Customer Analytics

What is it?

Customer Analytics is a way of getting insights about the customer behaviour based on data analysis. No two companies are the same and do not have the same customer, but data can show you the right way to boost your business.


Customer Data


Competitive Advantage

Analytics Tools


The 5 Pillars
Of Customer Analytics

1. Business Analysis

Customer analytics is not just applying statistical methods within data analysis. It is a continuous process. It starts with business analysis that explores, defines the problem and suggests the approach to solve it.

2. Data

The basis of any analysis are data. Yet the data source may vary - we know transaction data, data from core systems, transcriptions from speech to text, big data and others.

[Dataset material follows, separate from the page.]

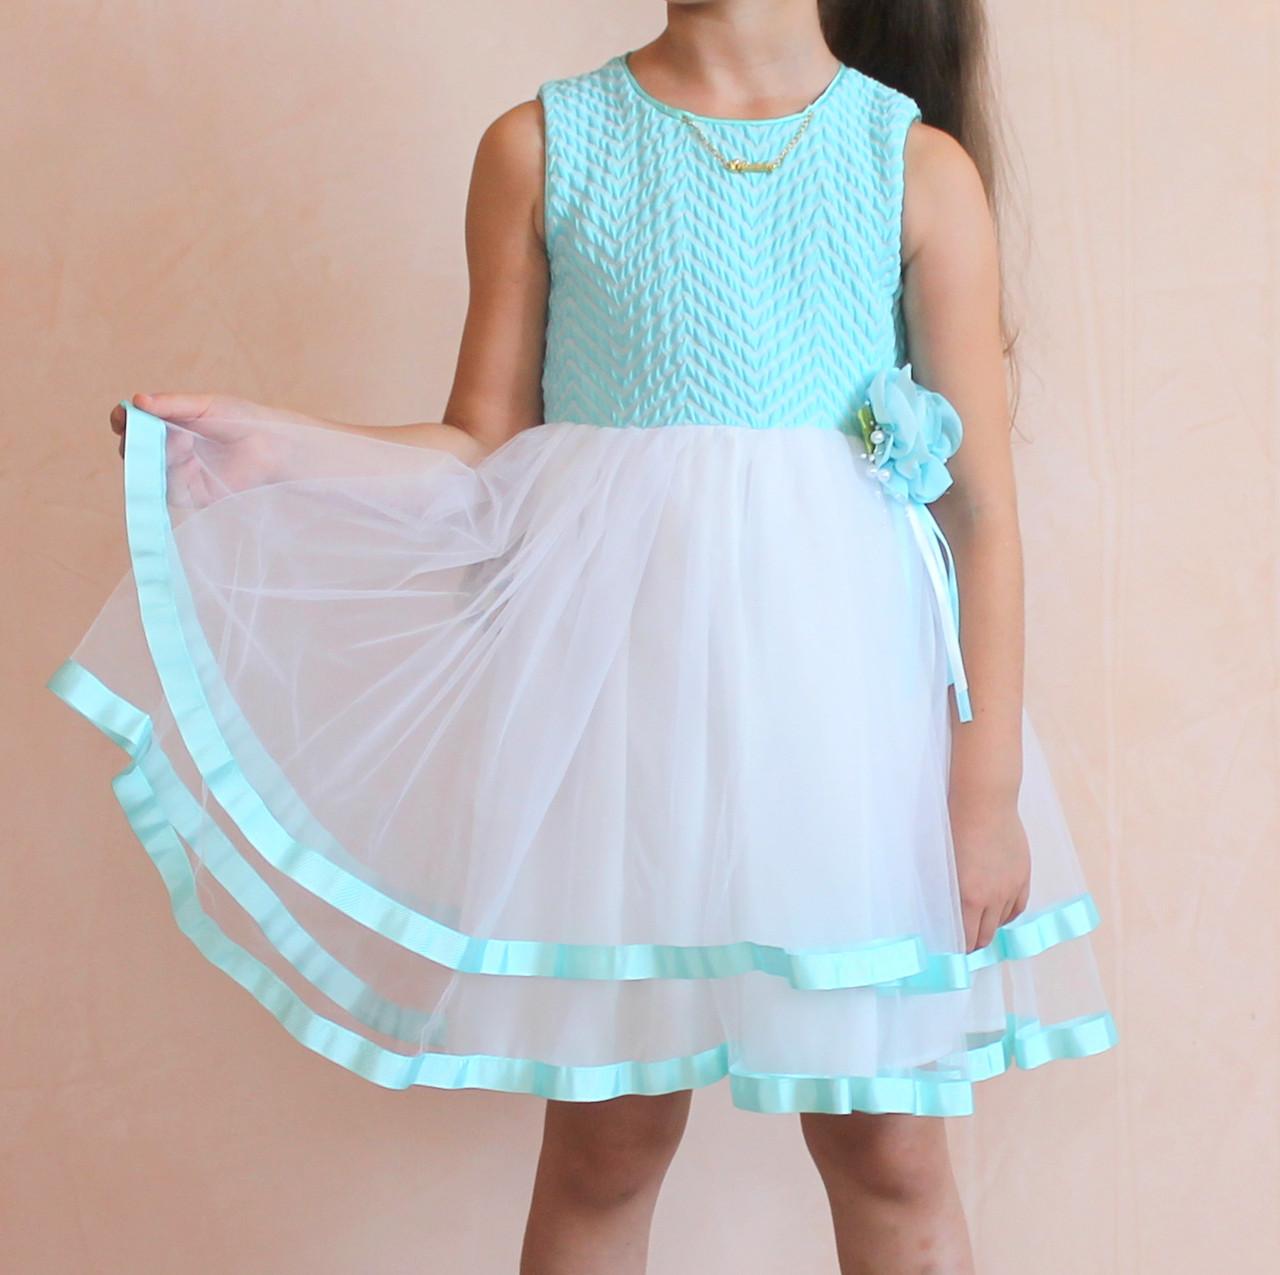 dbb29163c72 Детское нарядное платье для девочки Фатином размер 5-6-7-8 лет -
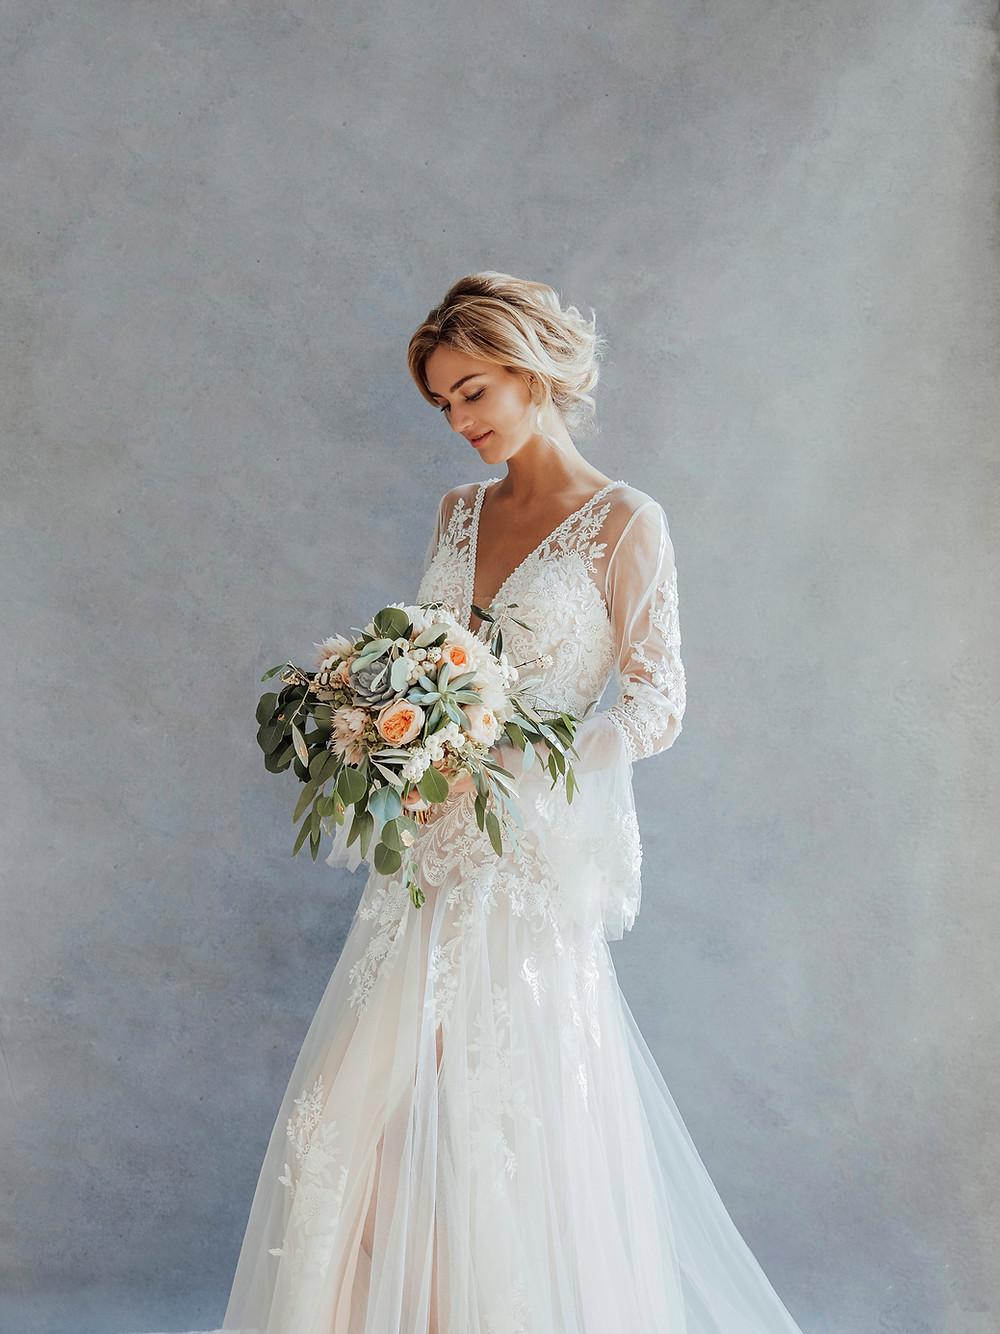 Hochzeit in Weiss

Data help you reveal the patterns and connection, understand your customers’ behaviour and set more accurate marketing strategies.

3. Data Science

Data Science is a field that links data analysis and business insight with the purpose of correct understanding and analysis of any business problem, e.g. increased customer churm. The process of in-depth analysis is called Data Mining. The main approach of Data Science for structured and unstructured data are visualization, statistical and text analysis, machine or deep learning.

4. Data Visualization

The graphical data view and the interactivity - visualization - are essential to make a quick decision. For example, if a store manager wants to know how many customers come into store at what time, “heat map“ (type of visualization) gives him more clear information than pivot table.

5. Action

Any obtained analytical insight is useless if it’s not applied in practice. Customer Analytics outcomes provide among others the base of target group definition for marketing automation, e.g. the use of insight to create a loyalty program or a personalized offer.